Copy, word for word, the lines of the entries below between the one with "20th Century Statton" and the one with "1972-73 World Hockey Association Media Guide", inclusive, and leave out everything else.

[[ SUPPLIED DATA, beginning ]]

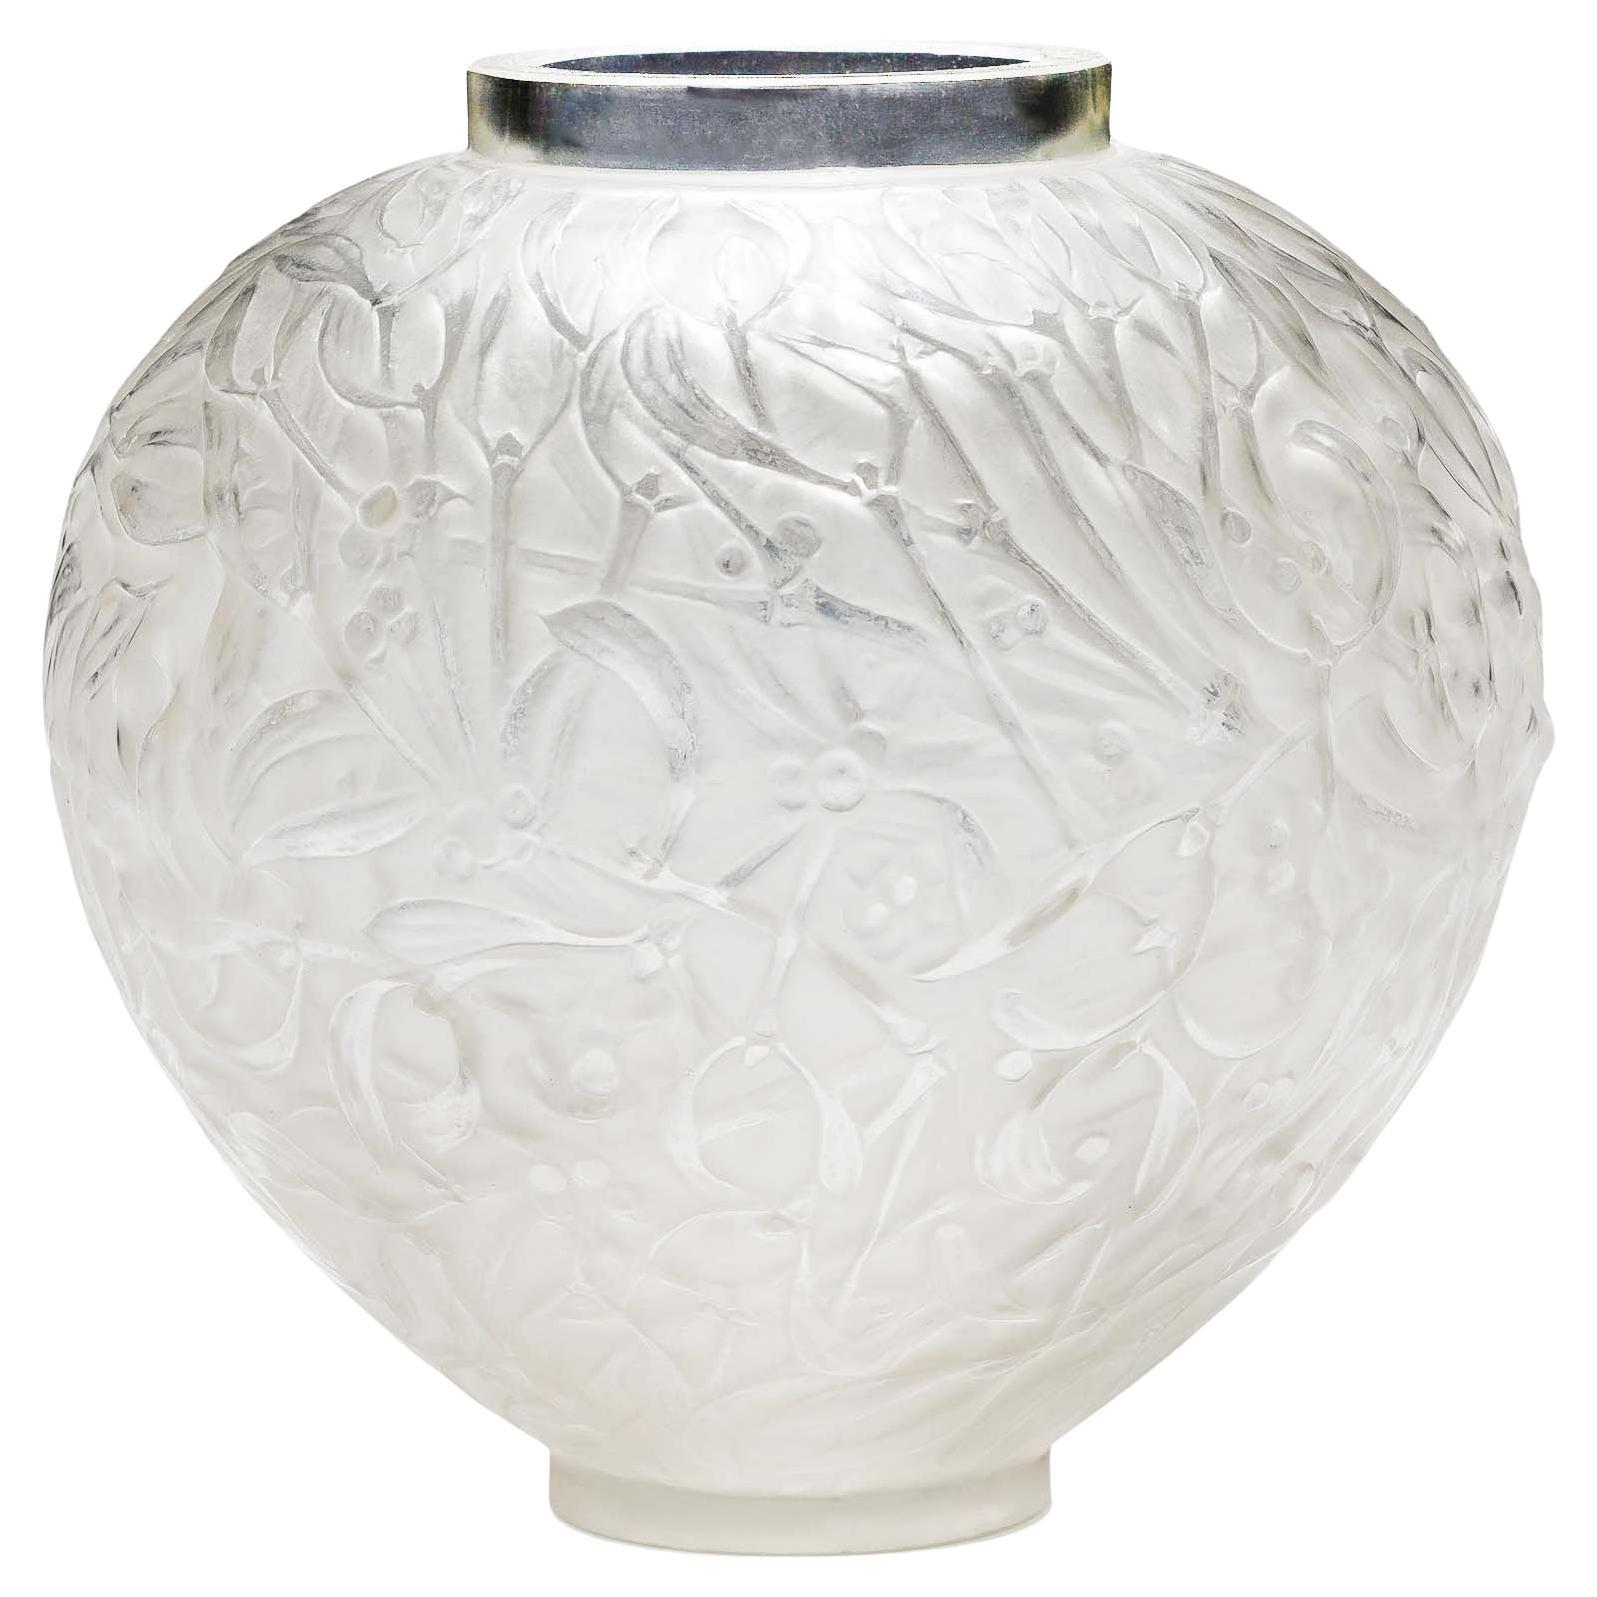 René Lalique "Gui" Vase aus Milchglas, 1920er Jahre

[[ SUPPLIED DATA, end ]]
[[ SUPPLIED DATA, beginning ]]

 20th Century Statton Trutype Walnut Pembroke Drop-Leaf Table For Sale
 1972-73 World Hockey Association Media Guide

[[ SUPPLIED DATA, end ]]

EXERCISE SOLUTION >>
 20th Century Statton Trutype Walnut Pembroke Drop-Leaf Table For Sale
 1972-73 World Hockey Association Media Guide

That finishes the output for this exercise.